Apabila ditelusuri lebih jauh, sesungguhnya manusia hidup dari hati rohaninya. Manusia ‘semedi’ (bertempat tinggal) hakikinya adalah di hati rohaniahnya. Sehingga hati rohani adalah sebuah perjalanan panjang (vertikal dan horizontal/ isra’ dan mikraj) dalam jangkar waktu yang tak tertentu sampai melewati beberapa alam (saat hidup maupun mati nantinya). Maka, sesungguhnya manusialah yang menelusurinya dengan berbagai ‘perjalanan’ lintas waktu di hatinya; manusialah yang menuju kepuasannya dalam anggan dan cita-citanya; manusialah yang merasakan kesejahteraannya dalam rasa penerimaan; serta, manusia pula yang ikut merasakan kebahagiaannya dari Tuhannya. Berbagai makhluk menghalanginya, terkadang atau seringkali dirinyalah yang merintanginya (penjara-penjara kehidupan dan belenggu diri).

***

Pada esensinya, hati adalah ‘sentral’ (pusat) segala keinginan (kehendak) yang membuat manusia mengalami segala bentuk gejala kejiwaan (psikologis), seperti: tertawa dan menangis, sedih dan gembira, sukaria dan berputus asa. Maka, dapat dipahami, bahwa manusia selalu menjadai ‘pengebara’ di hatinya, sedangkan pikiran membantunya. Dengan demikian, pikiran terus bekerja sekuat-kuatnya, pikiran terus ‘menerawang’ (berevolusi), sehingga pikiran tidak bisa istirahat (tidur), dan  pikiran terus  ‘dilecuti’ untuk lebih cepat dari melintasi semua lini kehidupan dan dimensi semua alam yang mungkin untuk ditapaki.

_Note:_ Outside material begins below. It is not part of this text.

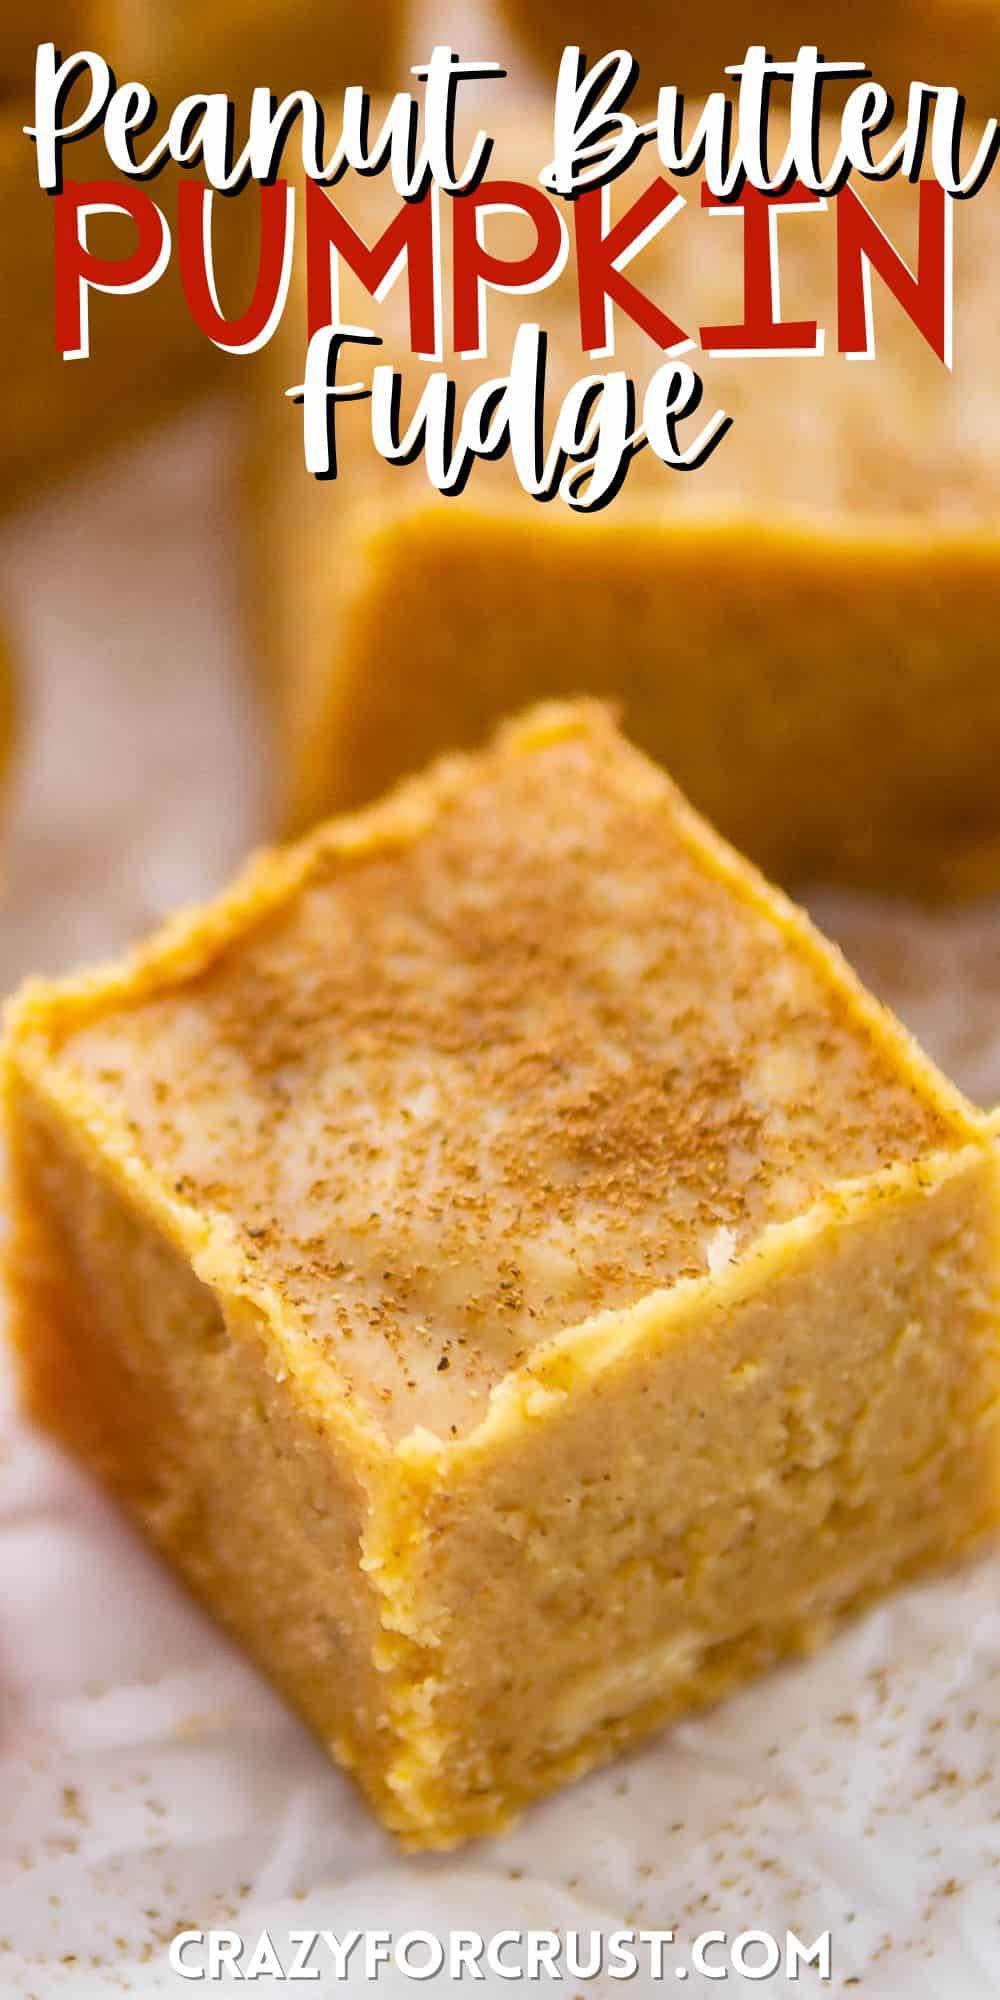 orange fudge with spices sprinkled on top with words on the image.
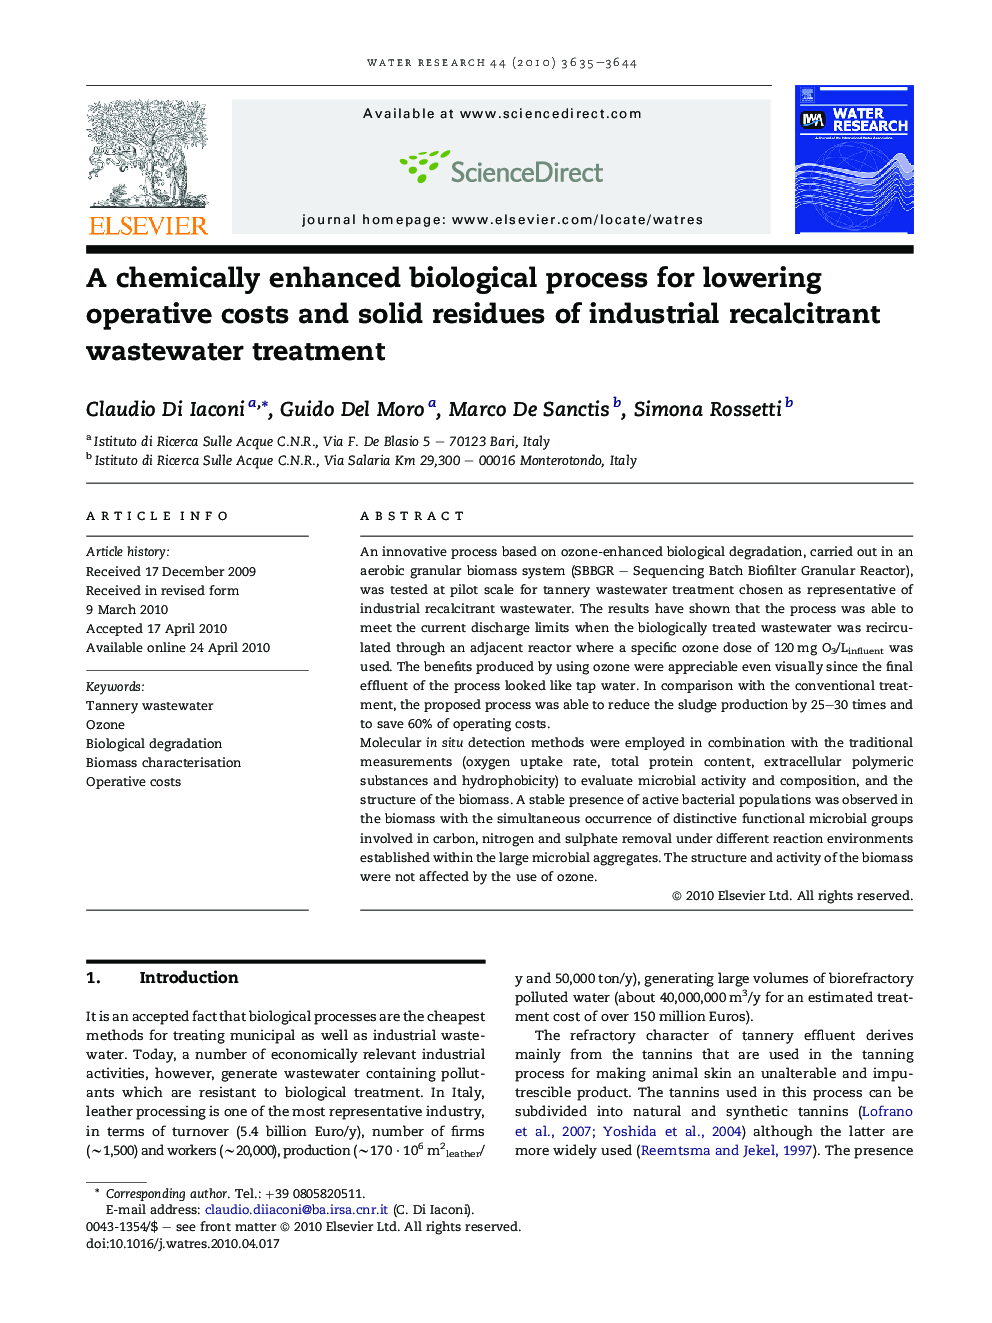 A chemically enhanced biological process for lowering operative costs and solid residues of industrial recalcitrant wastewater treatment

Maka, hati tidak selalu mengerti persis apa yang dikehendakinya ia hanya bisa berkiblat ke Tuhannya untuk memperoleh kejernihan dan ketepatan kemauannya.

Baca Juga  Lima Tahun IBTimes.ID: Temu Penulis Muda Bincang Strategi Baru Narasi Islam Digital

Dengan demikian, perlu kesadaran diri, bahwa hidup manusia dalam ‘liputan’ malaikat yang diberi tugas oleh Allah sepanjang waktu, seperti firman Allah:

“(yaitu) ketika dua orang malaikat mencatat amal perbuatannya, seorang duduk di sebelah kanan dan yang lain duduk di sebelah kiri.” (QS. Qaf: 17).

Karakter Ihsan sebagai Puncak Keimanan Sang Hamba

Ihsan menurut Nabi SAW, ialah ketika kita mampu menghayati kehadiran Ilahi di dalam hidup kita, beliau bersabda:

“Ihsan ialah bahwa engkau mengabdi kepada Allah seakan-akan melihat-Nya. Kalaupun engkau tidak melihat-Nya, {engkau rasakan} bahwa Dia melihatmu.” (HR. Bukhari dan Muslim)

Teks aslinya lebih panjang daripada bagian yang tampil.